Под ликующий клич Цента (такую крупную дичь ему еще сбивать не доводилось), вертолет рухнул на улицу между домами, разметав столпившихся там мертвецов и брошенные автомобили. Цент бросился к краю крыши, дабы усладить взор видом поверженного конкурента, но добежать не успел – грянул взрыв. Ударной волной героя отбросило назад, и он растянулся на гудроне, однако тут же вскочил и бросился бежать подальше, потому что с неба посыпались горящие обломки вертолета, поднятые в воздух взрывом. Между домами взметнулся столб пламени, затем повалил густой черный дым.
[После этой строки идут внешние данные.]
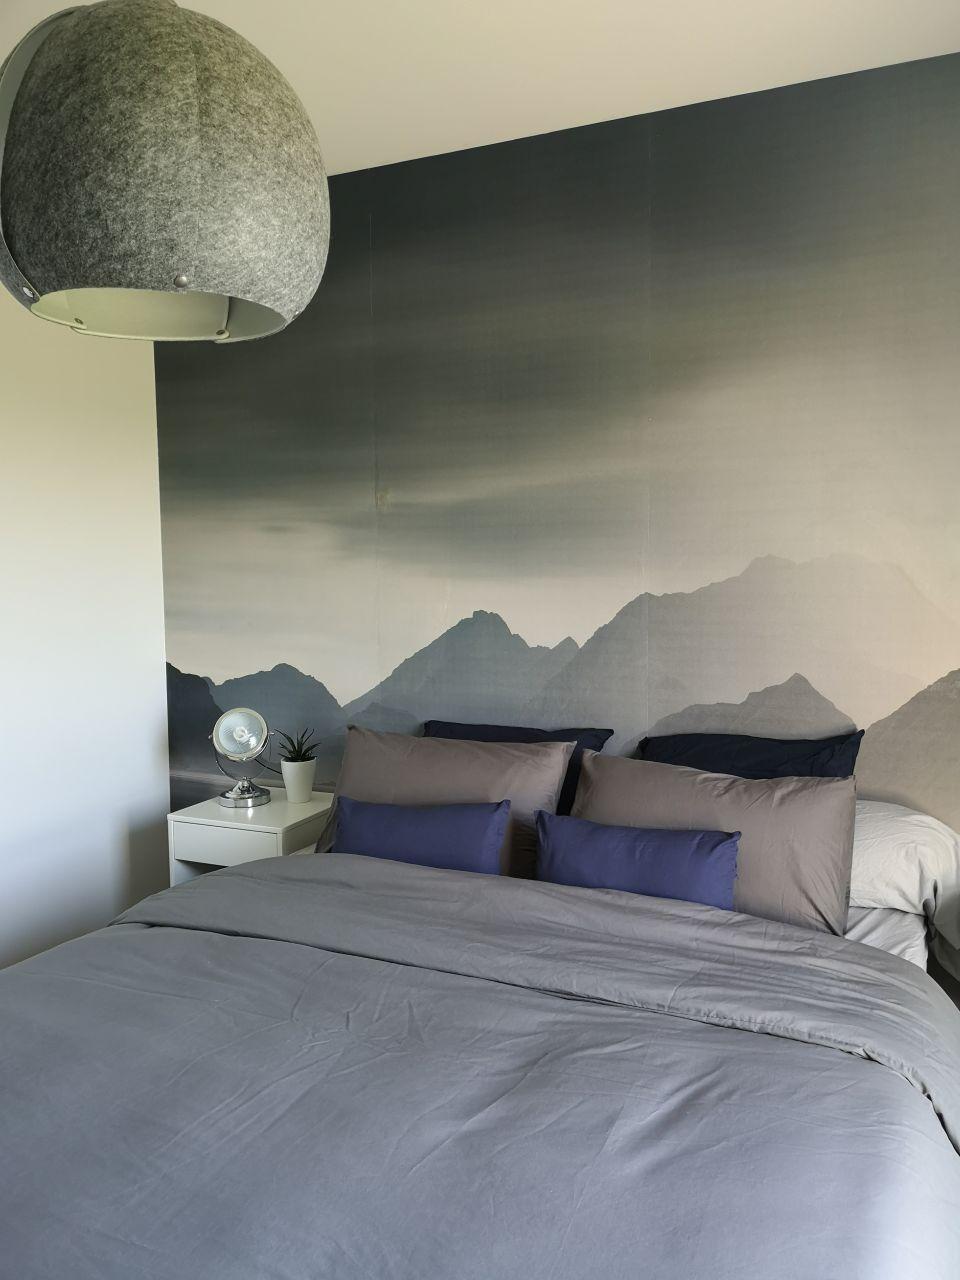 Panorama tête de lit

– Что это? Что? – кричал Владик.

– Вертолет упал, – ответила Машка, продолжая дергать его за руку. – Почему он в нас стрелял? Мы ведь не зомби.
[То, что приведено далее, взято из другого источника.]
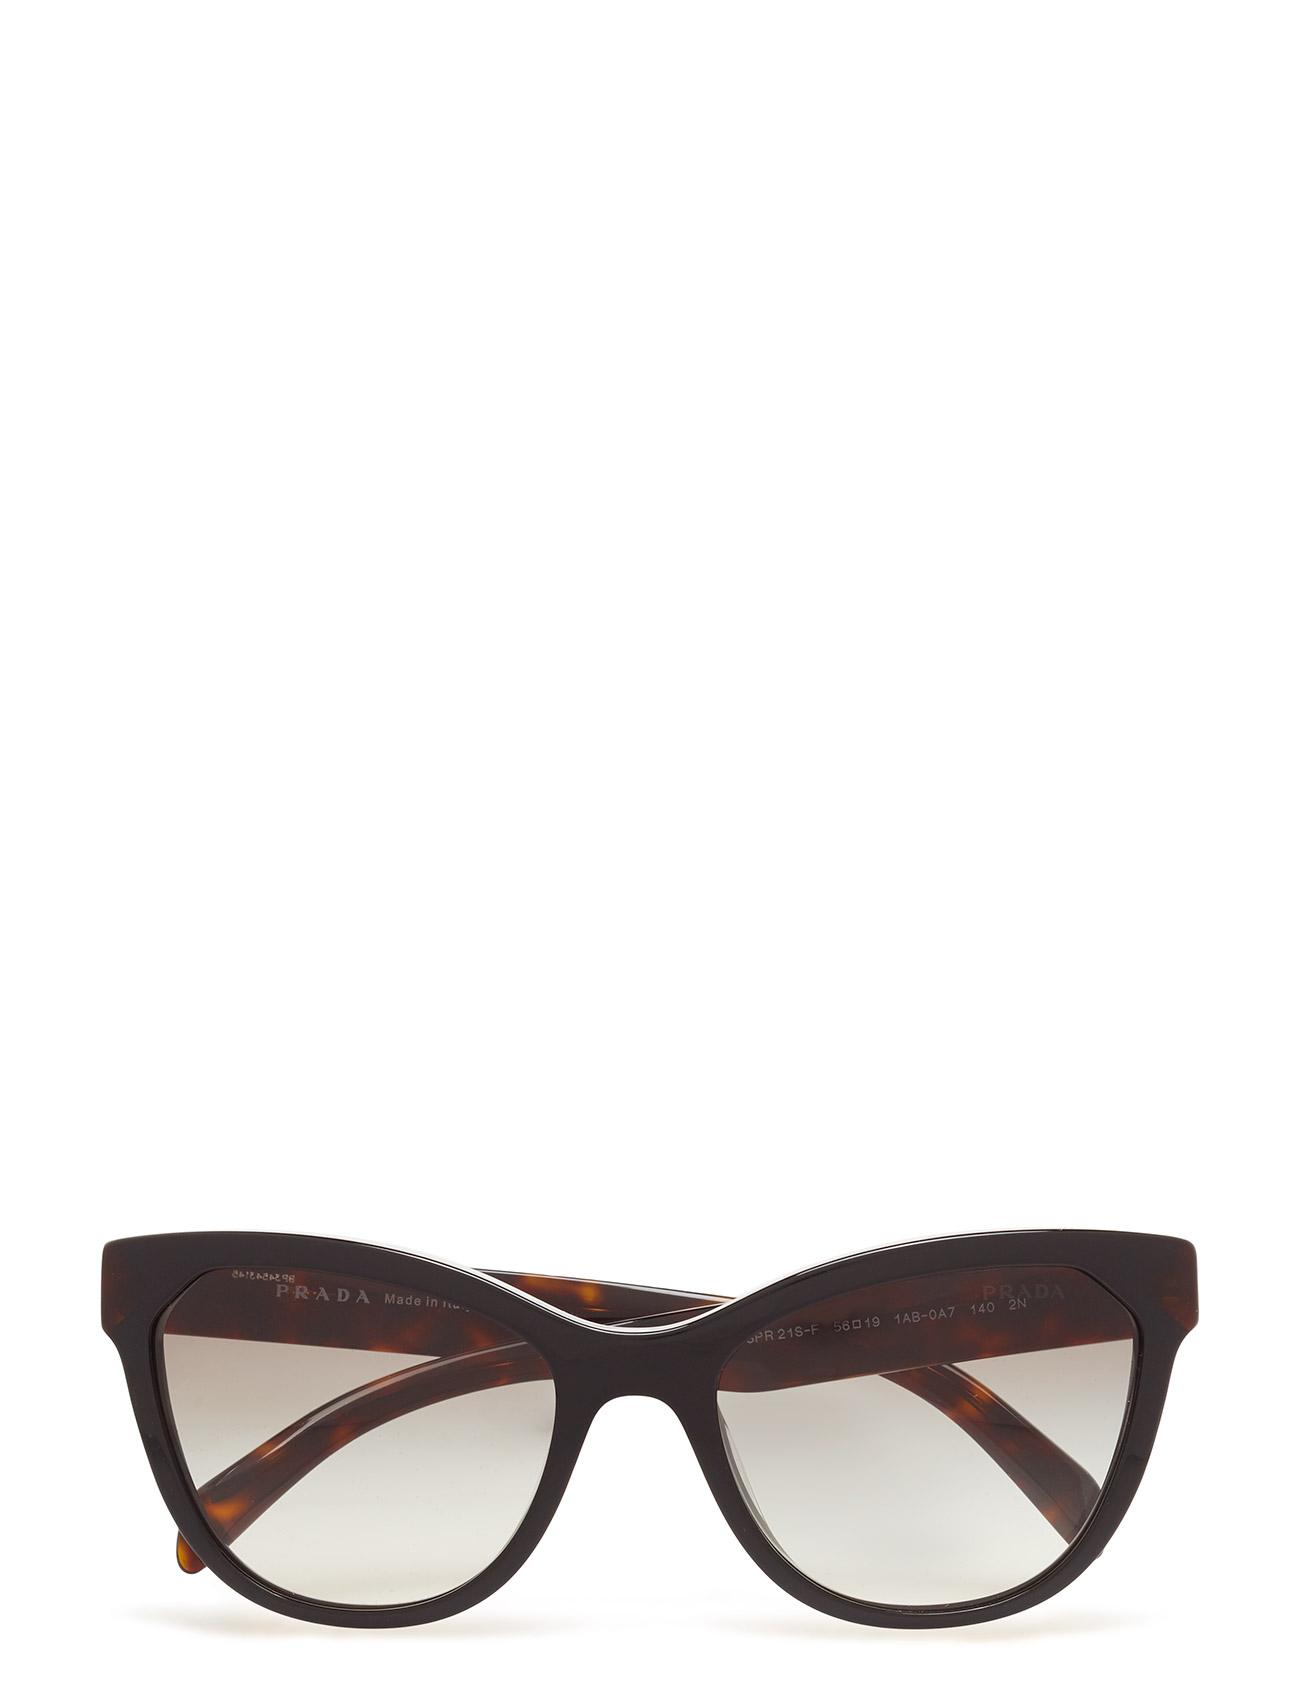 39f16d9ed2f7 Heritage Prada Sunglasses Solbriller til Damer i

– Я не знаю. Я ничего не понимаю. Но нам надо уйти с крыши.

– Почему он стрелял? – продолжала допытываться Машка, помогая кавалеру встать на ноги. – Это было какое-то недоразумение, да?

– Не знаю, – пробормотал чуть живой программист, но на самом деле он знал – никакое это не недоразумение. Пилот прекрасно видел, что они живые люди. И все равно открыл огонь. По ним, а не по зомби, которых полна улица. То есть, целью были не мертвецы, а те немногие, кому повезло не превратиться в тухлые куски ходячего мяса. Но почему? Почему?

– Надо уходить, – повторил Владик, косясь на черный столб дыма, что поднимался с улицы высоко в небо. Его наверняка будет видно издалека, и если на место падения первого вертолета пожалует второй, будет лучше не попадаться ему на глаза.

В это момент откуда-то из-за черной пелены дыма донесся дикий крик, полный ярости, торжества и жажды крови:

– Айтишник! Я иду!

У Владика вновь подкосились ноги. Градус ужаса ситуации возрос многократно: живые мертвецы, изверг из девяностых, так теперь его еще пытаются убить те, от кого он ждал спасения. Стоит ли всего этого ощупанная Машкина попка? Владик в этом крепко сомневался.

Глава 8

Впереди возникла какая-то возня, некие анонимы стали громко и трусливо перешептываться. Цент остановился, прислушиваясь и выжидая. Через какое-то время некто борзо крикнул из темноты:

– Пароль!

Цент не любил безосновательно борзых. Он наклонился и поднял половинку силикатного кирпича, которую чуть раньше нащупал ногой. Затем замахнулся, и с силой метнул снаряд на звук. Спустя секунду, из темноты прозвучал крик, полный боли и страдания.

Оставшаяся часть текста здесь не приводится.